### TASK STATEMENT
Starting at the line below with "Сказочный лес: pikabu.ru/story/skazochnyiy_les_680710" and stopping at the line with "Vajilla de melamina", please print each line exactly, those two included, and skip every picture.

### DATA FOR THIS EXERCISE
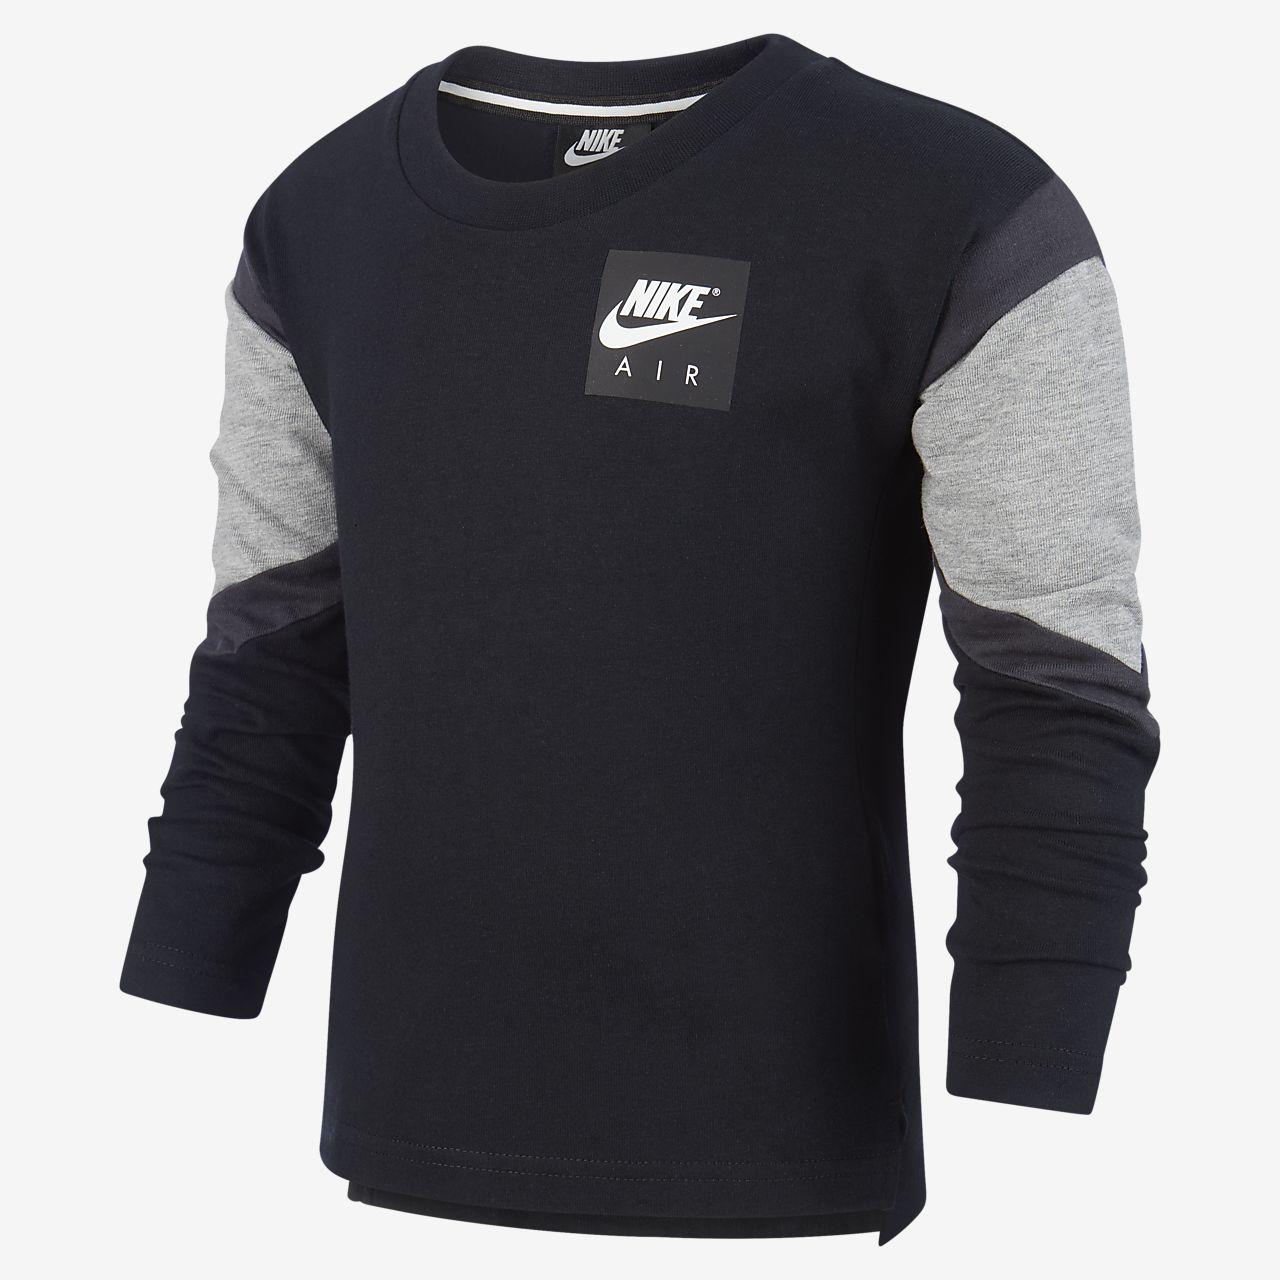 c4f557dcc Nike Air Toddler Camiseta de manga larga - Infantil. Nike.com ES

---

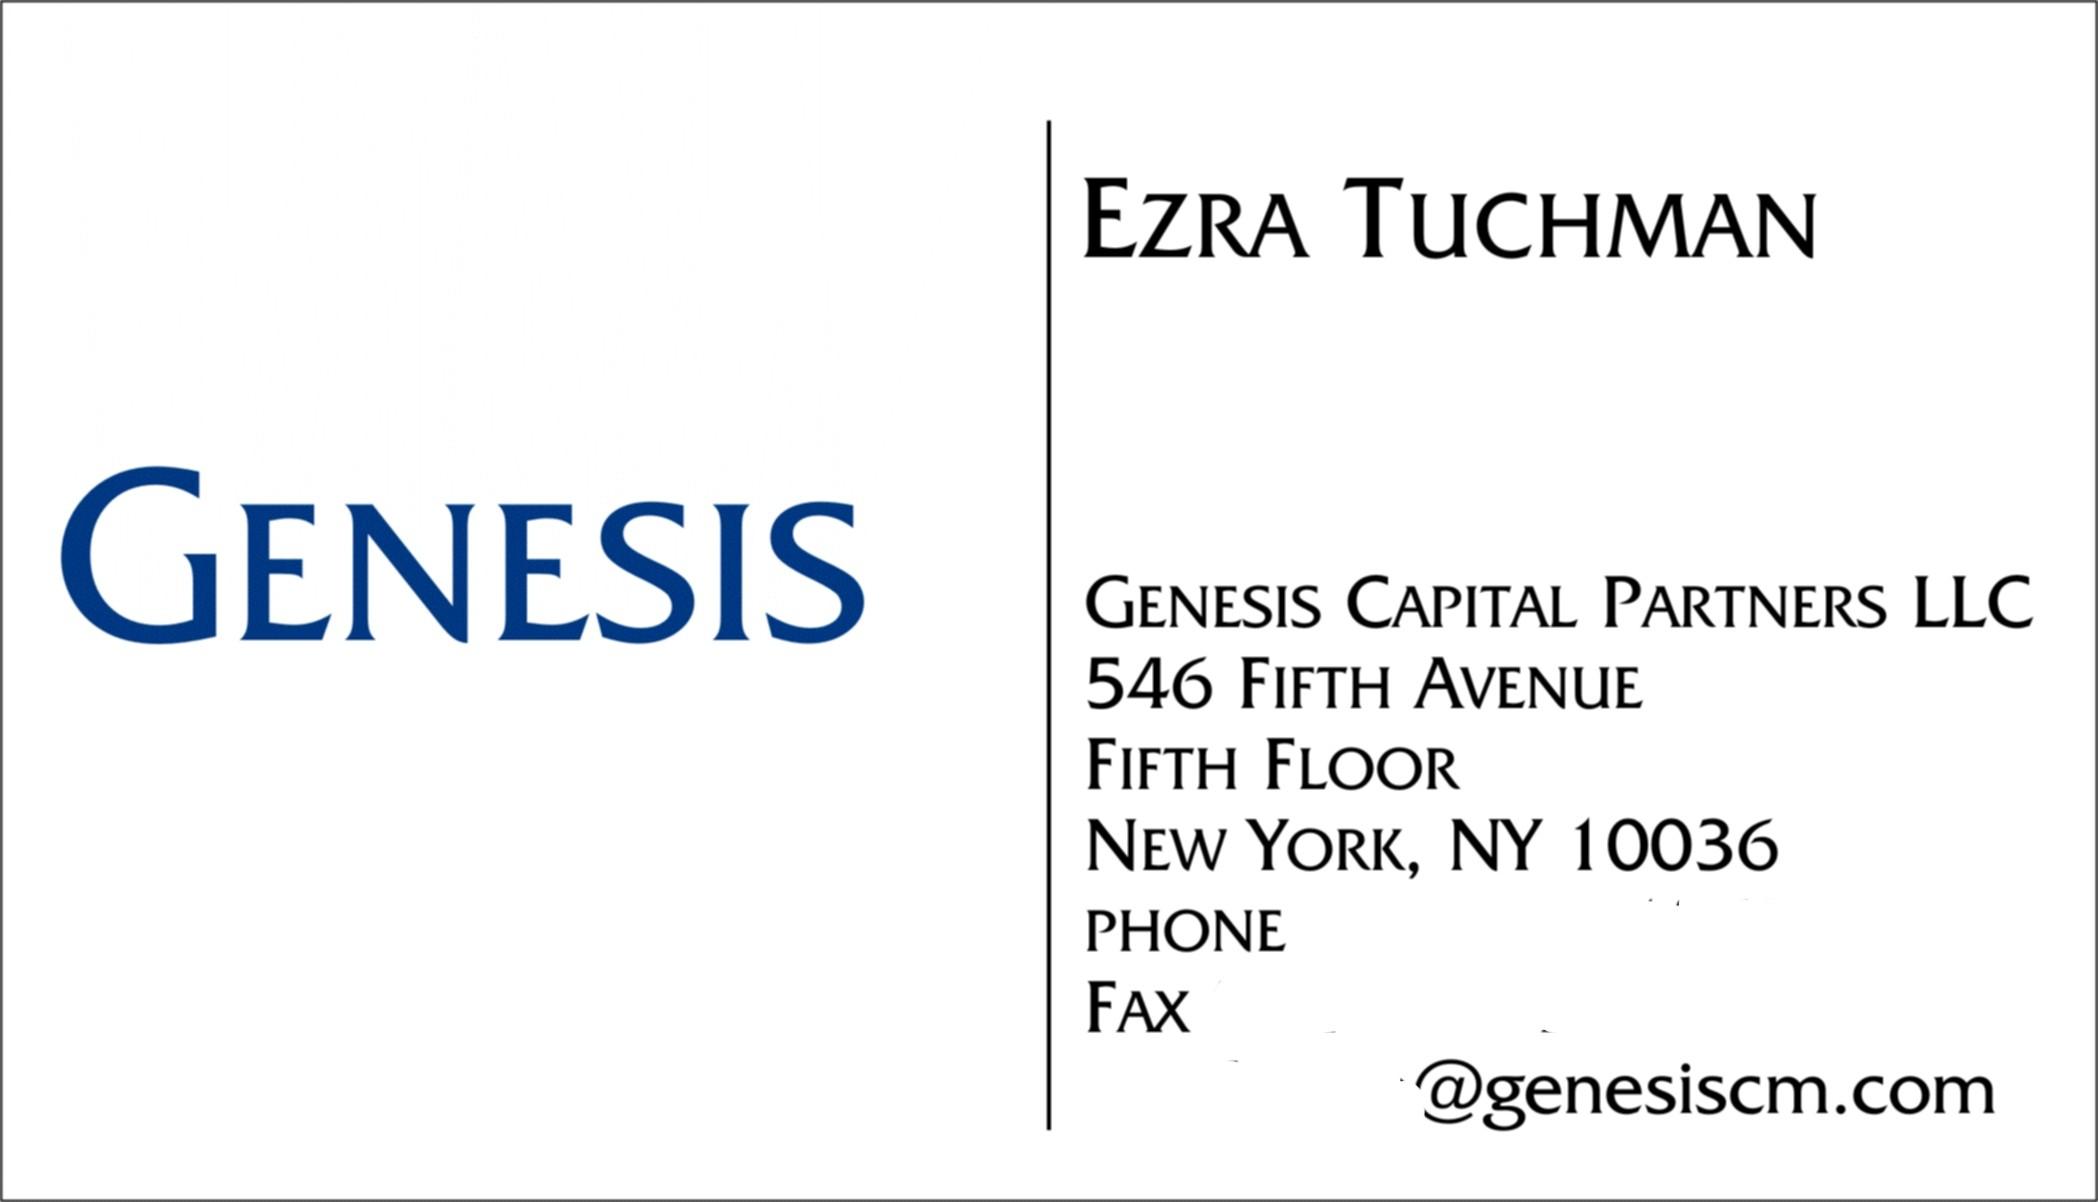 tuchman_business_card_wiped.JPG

--

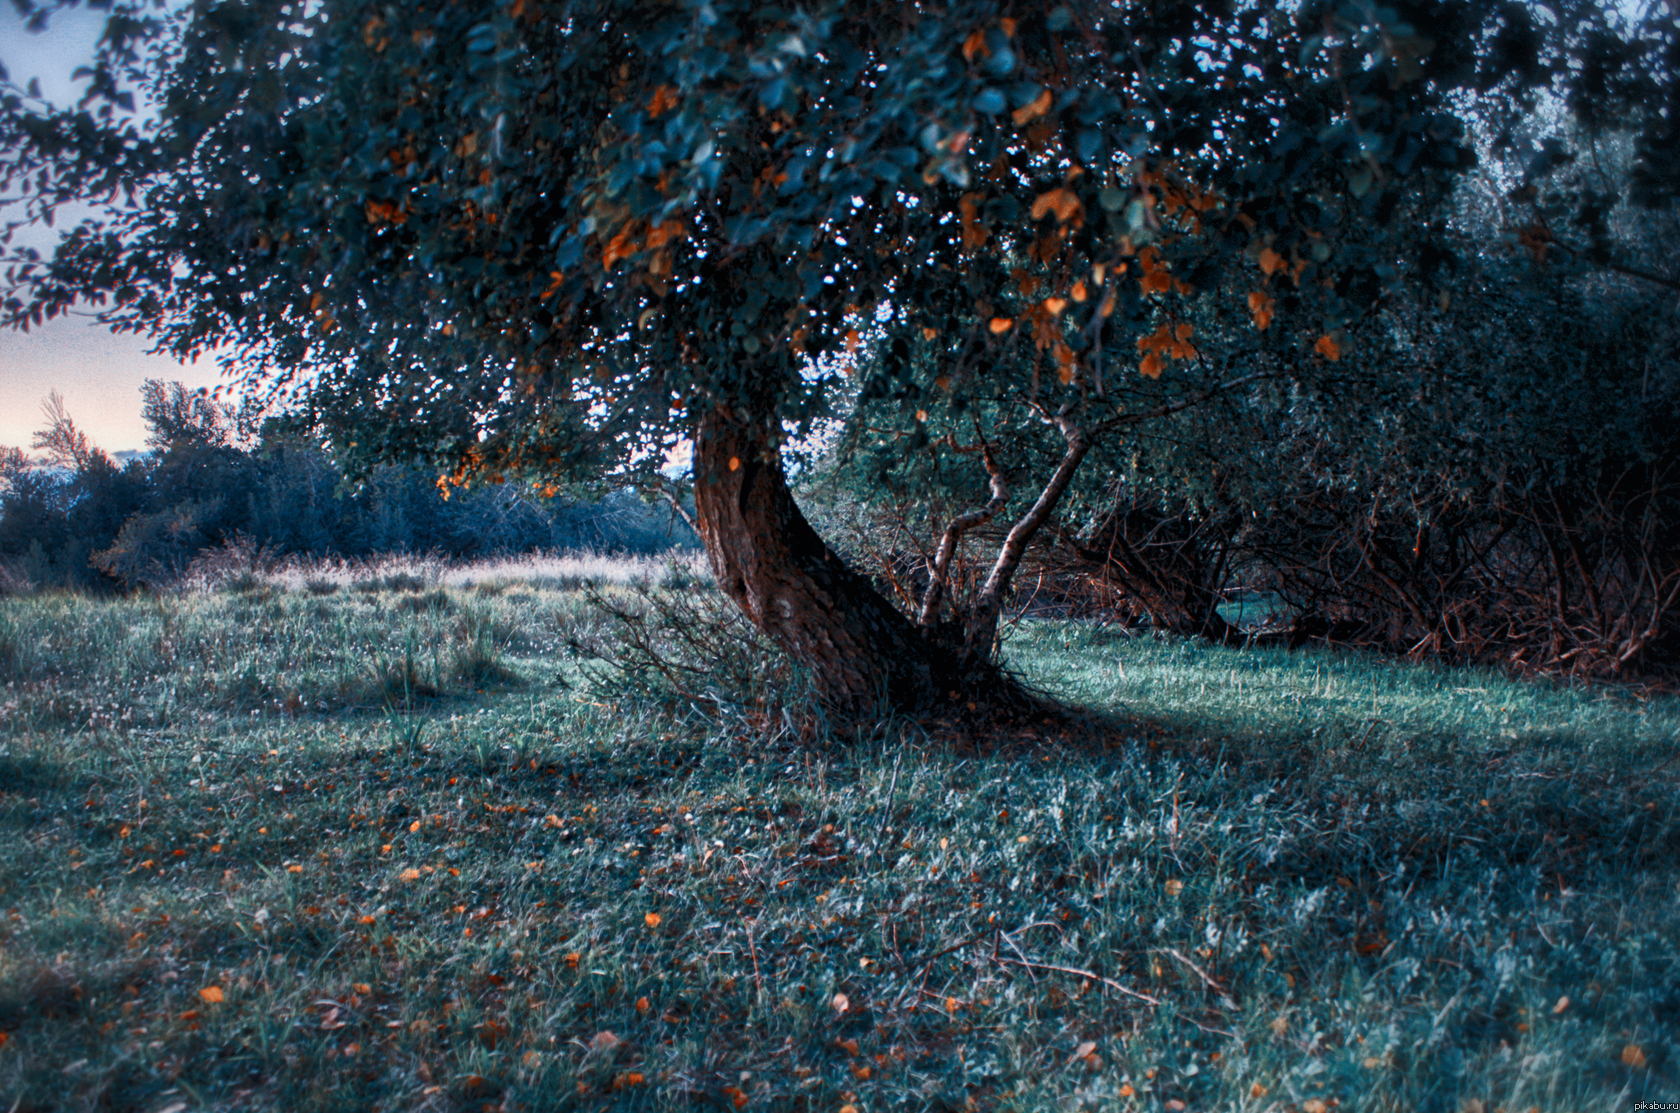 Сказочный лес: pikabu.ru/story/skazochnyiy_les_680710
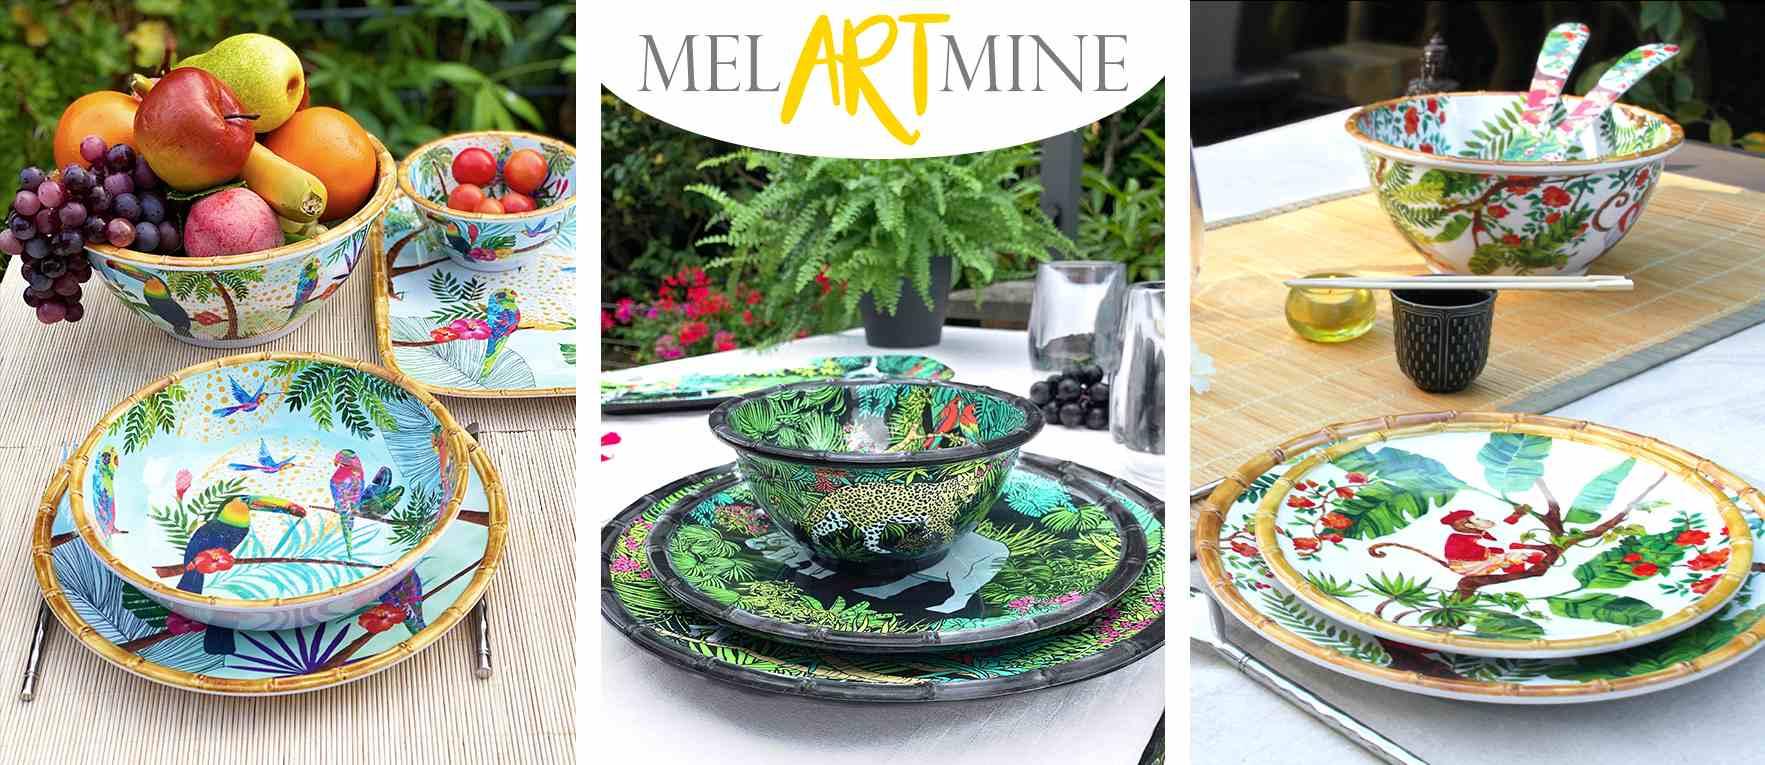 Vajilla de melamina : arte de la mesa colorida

### TASK ANSWER
 Сказочный лес: pikabu.ru/story/skazochnyiy_les_680710
 Vajilla de melamina : arte de la mesa colorida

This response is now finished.